- Born: April 12, 1945 (age 81) Berkeley, California
- Career
- Show: World of Radio
- Show: Mundo Radial
- Country: United States
- Website: www.worldofradio.com

= Glenn Hauser =

American broadcaster (born 1945)

Glenn Hauser (born April 12, 1945) is an internationally known American DXer and radio host from Enid, Oklahoma. He produces and presents a weekly 30-minute program, World Of Radio, heard on a number of non-commercial AM and FM stations throughout the U.S. and worldwide on shortwave.

Hauser began his broadcasting career on Radio Canada International during the late 1970s, providing DX tips on Sunday nights, and his tips also appeared on Radio Nederland's DX Juke Box program. He wrote for Popular Electronics and Modern Electronics, and published Review of International Broadcasting.

==World of Radio==
World Of Radio debuted in 1980 on WUOT in Knoxville, Tennessee, moving to shortwave two years later. The half-hour program consists of Hauser reading news about radio around the world in a characteristic monotone. Although World of Radio focuses on shortwave news, it covers all aspects of broadcasting. Most items are contributed by listeners to the program or DX publications.

===Mundo Radial===
Hauser also produced Mundo Radial, a Spanish edition of World of Radio, from January 2002 to November 2007.

==Review of International Broadcasting==
Hauser introduced Review of International Broadcasting in February 1977. The magazine published 154 issues, with columns such as "Listener Insights on Programming," "Radio Equipment Forum," "DX Listening Digest," "The Media Mind" and "Satellite Watch." Contributors included David Newkirk, Loren Cox and Juan Carlos Codina, and RIB also featured columns from the BBC, John Norfolk and Alan Roe.

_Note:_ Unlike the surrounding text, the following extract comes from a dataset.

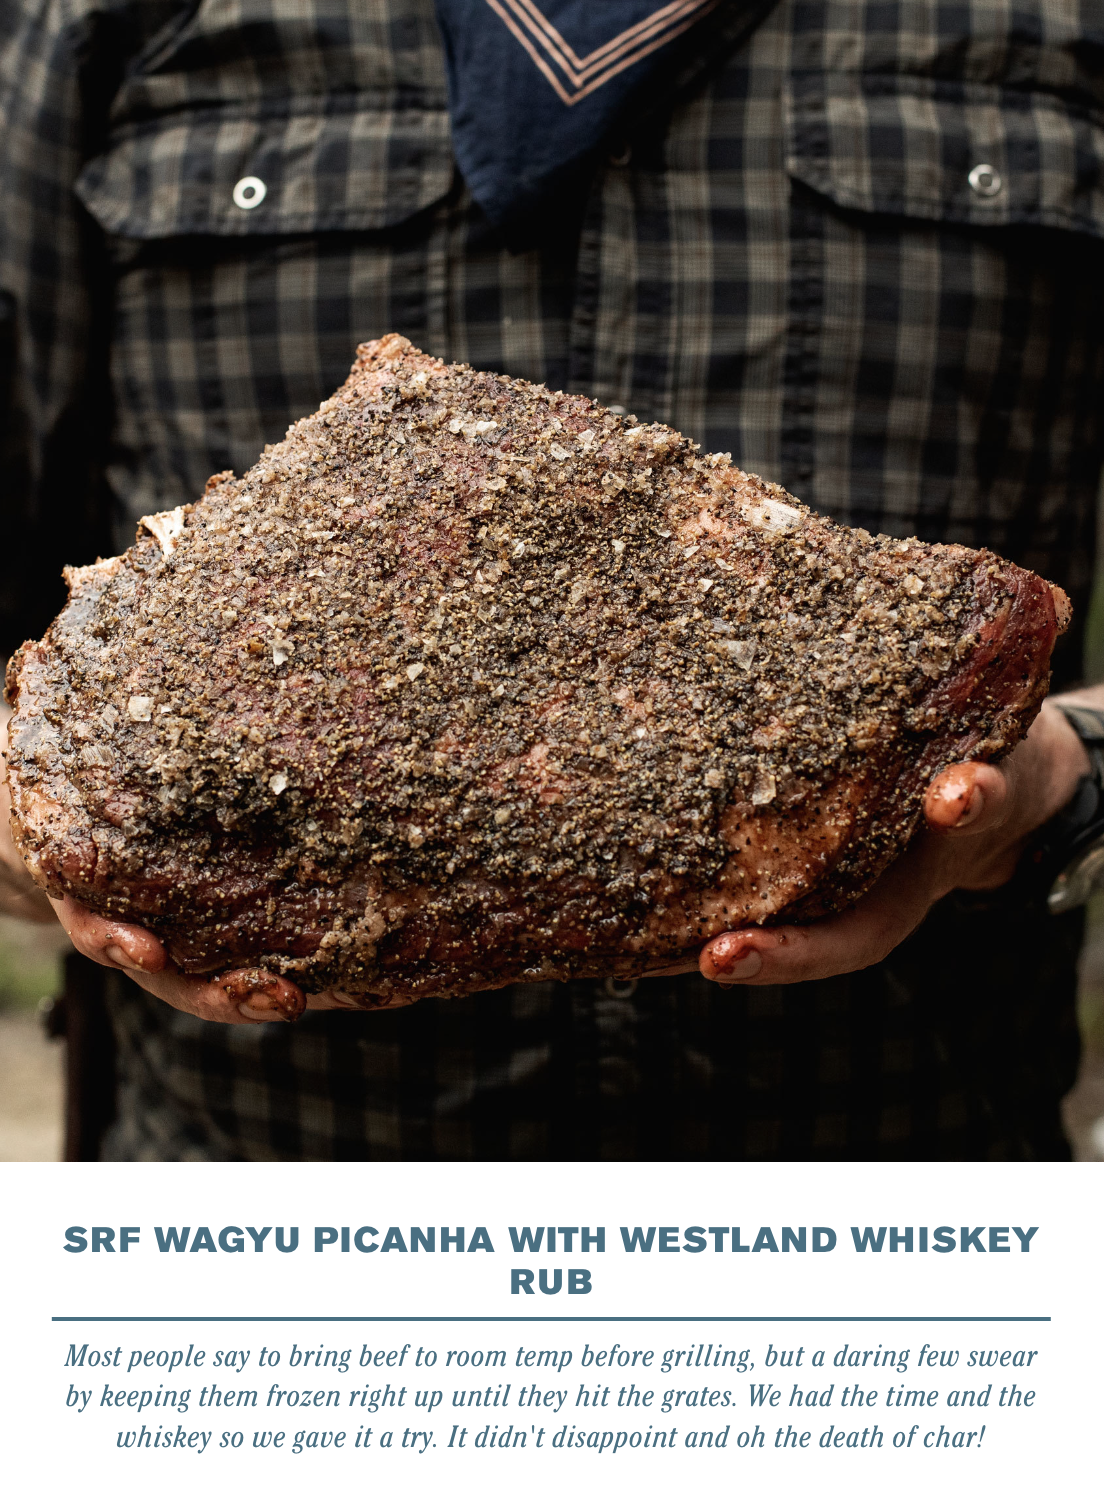  SRF WAGYU PICANHA WITH WESTLAND WHISKEY RUB    Most people say to bring beef to room temp before grilling, but a daring few swear by keeping them frozen right up until they hit the grates. We had the time and the whiskey so we gave it a try. It didn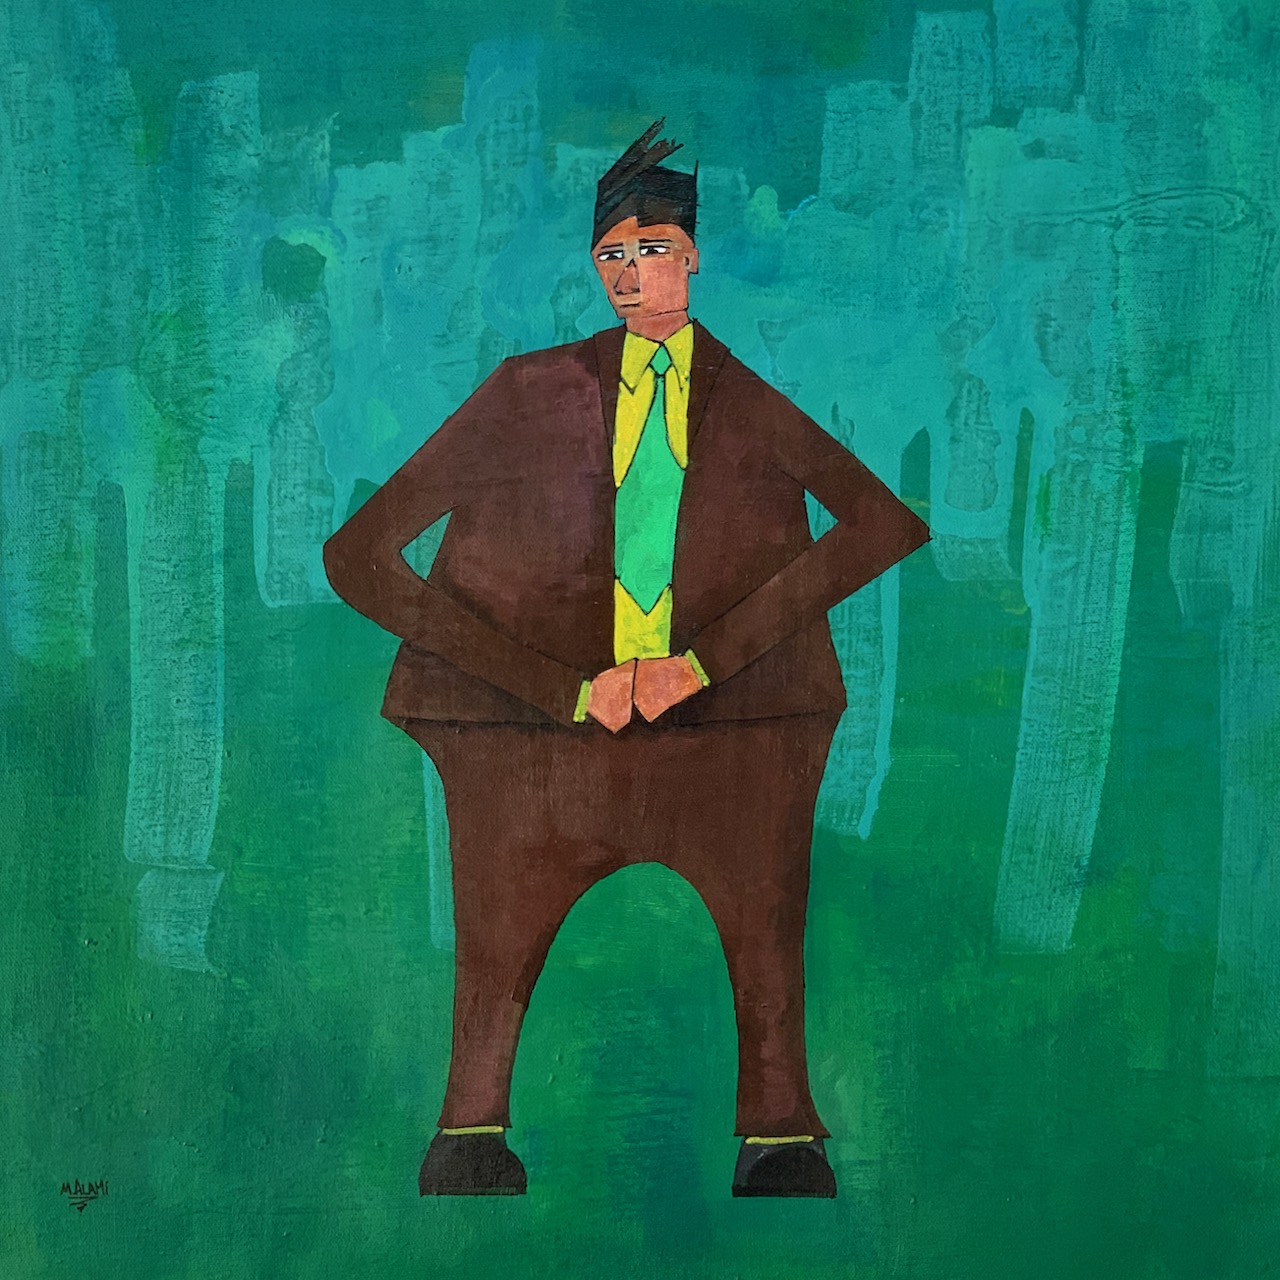 Painting of Man in a green suit

It was published monthly during the 1970s and 1980s, later decreasing to quarterly and semiannually before ceasing publication in October 1997. RIBs successor, DX Listening Digest, went online in 1999.

==Political and religious views==
Hauser is a USAF veteran, a political liberal and an agnostic, which occasionally puts him at odds with the fundamentalist-dominated American shortwave scene.